While the 2005 Incentive Plan possesses an antidilution provision, equitable adjustments thereunder
are discretionary. We believe amending the 2005 Incentive Plan to make the antidilution provision
mandatory, we will avoid potential compensation costs we may incur under the modification accounting
guidance of FAS 123R in the event of certain changes affecting us or our capital structure. We are not
presently contemplating a reorganization, recapitalization, merger, spin-off, stock split or other change
relating to us or our capital structure that would trigger antidilution adjustments.
• Allow participants one year from the date of their termination of service to exercise all vested NQSOs
and SARs. Currently, a participant may exercise his or her vested NQSOs and SARs for (i) one year
after termination of service if he or she terminates service because of death or disability and (ii) 90
days after termination of service if he or she terminates service for any other reason (in each case,
subject to the expiration date of the Award). The proposed amendments will allow a participant, under
all circumstances, one year after the date of his or her termination of service to exercise all vested
NQSOs and SARs (in each case, subject to the expiration date of the Award). We believe this change is
necessary to provide equity awards that are competitive with those companies with whom we compete
for talent.
• Change the way we administer Awards. The proposed amendments will modify the way in which we
administer the settlement of Awards, the payment of stock option exercise prices, and the satisfaction of
tax withholding obligations after the exercise or vesting of Awards. We believe these modifications are
necessary to allow us to more efficiently administer the 2005 Incentive Plan.
• Update and clarify certain performance criteria and adjustment categories and add a new adjustment
category.
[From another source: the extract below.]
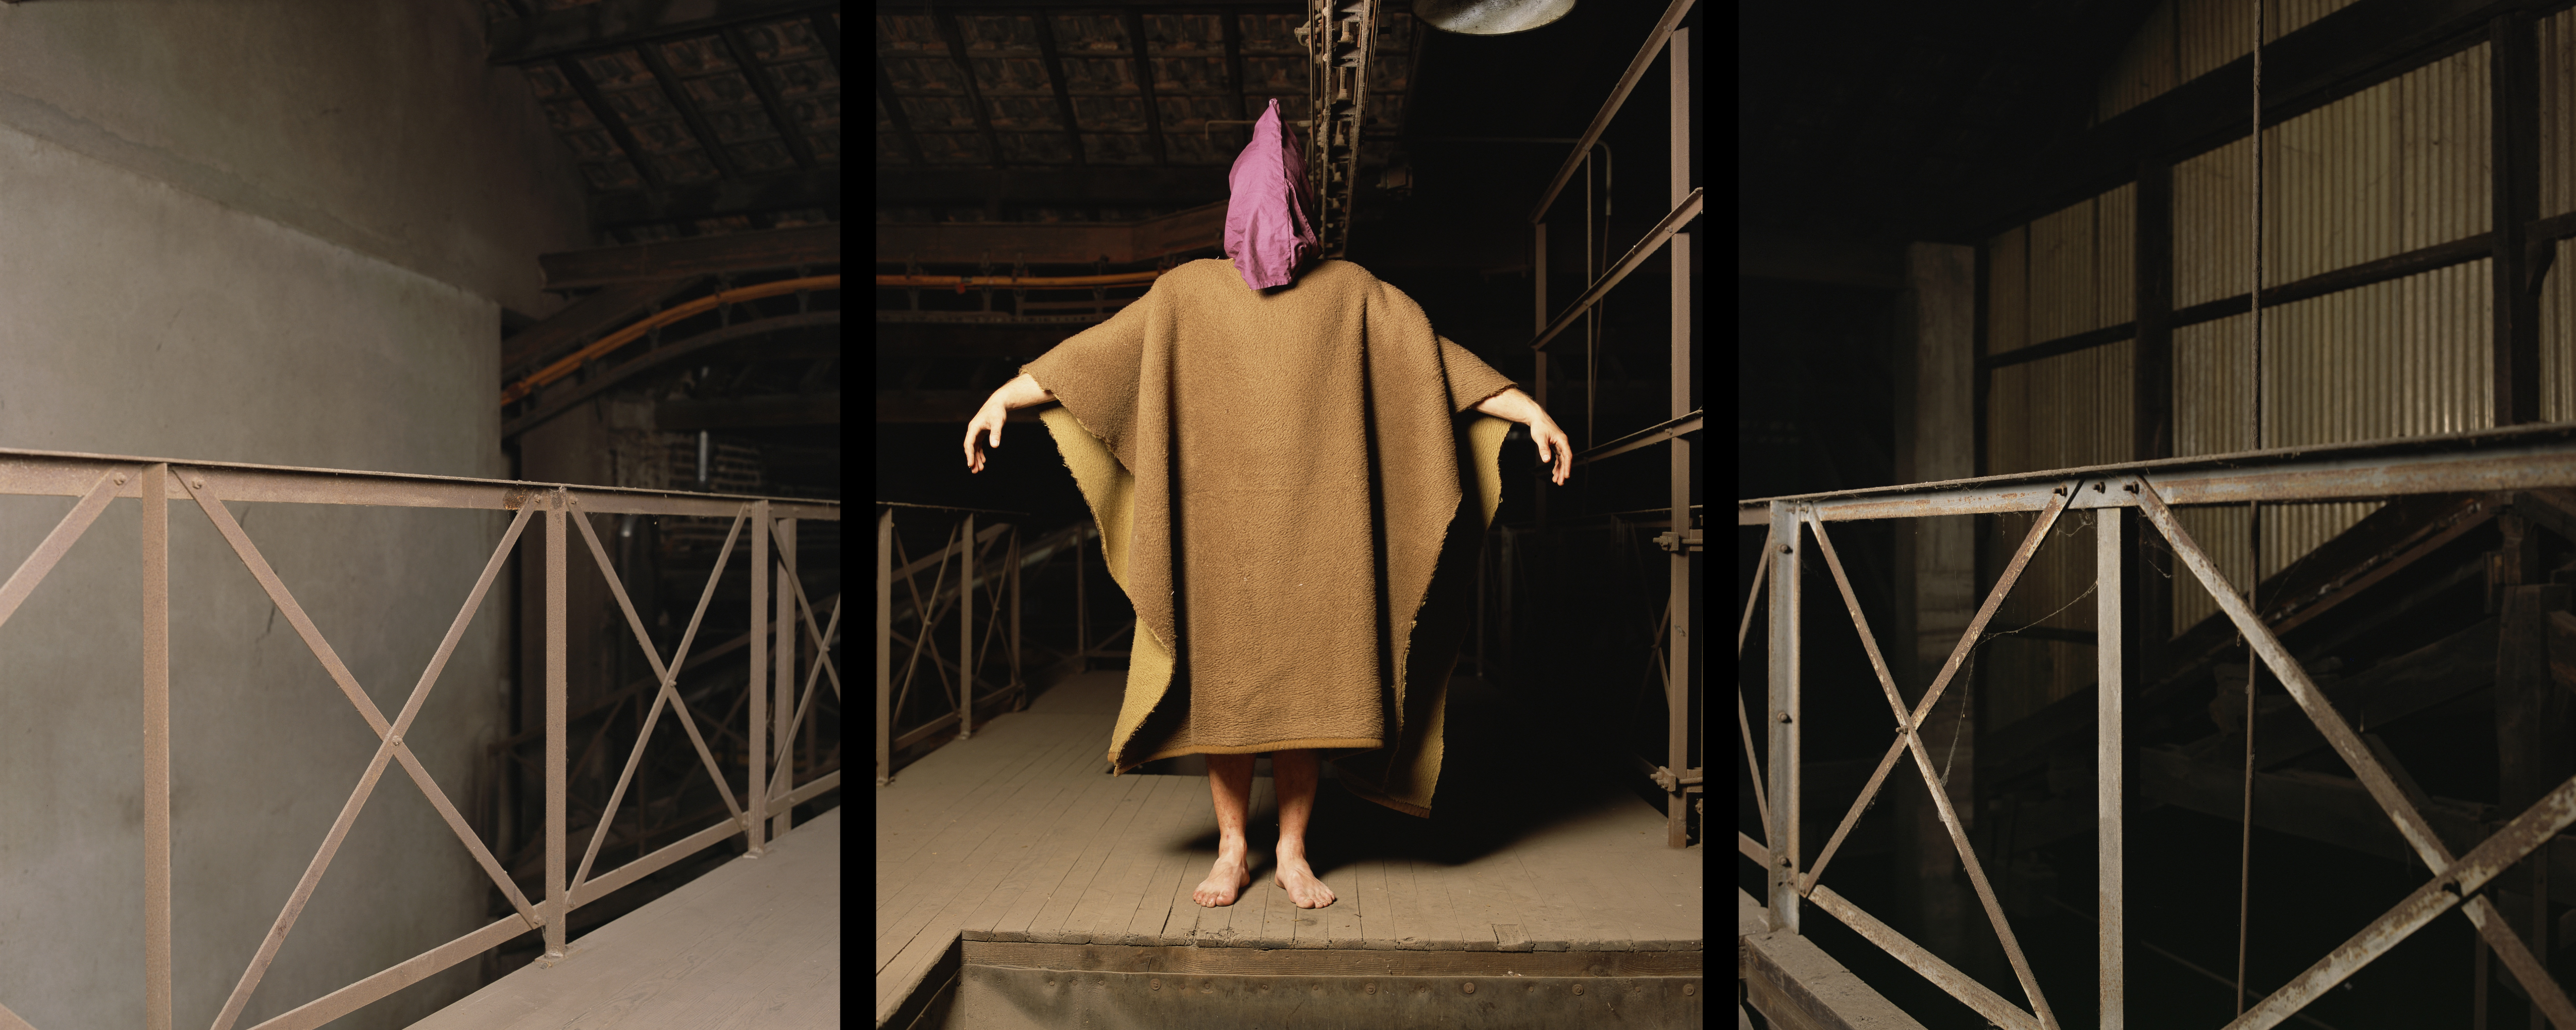 A triptych by the artist Andres Serrano depicting a hooded figure clothed in a rag in the central image. The figure is holding their arms up to form a cross whilst standing in the middle of a raised walkway. The exterior is of a dark factory setting.

The proposed amendments to Article X (Performance-Based Awards) of the 2005 Incentive
Plan principally consist of (i) updates to reflect current authoritative literature referenced in, and to
further clarify, the performance criteria and adjustment categories, and (ii) the inclusion of a new
adjustment category to account for the tax effect of any tax laws or regulations, or amendments
thereto, that become effective after the beginning of the applicable period during which the Committee
measures whether or not Awards intended to qualify as “performance based compensation” under
Section 162(m) are earned (“Performance Period”). We believe the updates and clarifications facilitate
a better understanding of the plans terms by participants, shareholders, administrators and us. We
believe the addition of the new adjustment category is appropriate to account for changes in tax laws or
regulations that are not effective, and therefore not included in the performance measures established by
the Committee, at the beginning of the Performance Period.
The proposed amendments to the 2005 Incentive Plan will become effective if and when approved by our
shareholders at the Annual Meeting. In the event that our shareholders do not approve the proposed amendments to
the 2005 Incentive Plan, Awards previously granted by us under the 2005 Incentive Plan will remain valid and the
2005 Incentive Plan will remain in effect.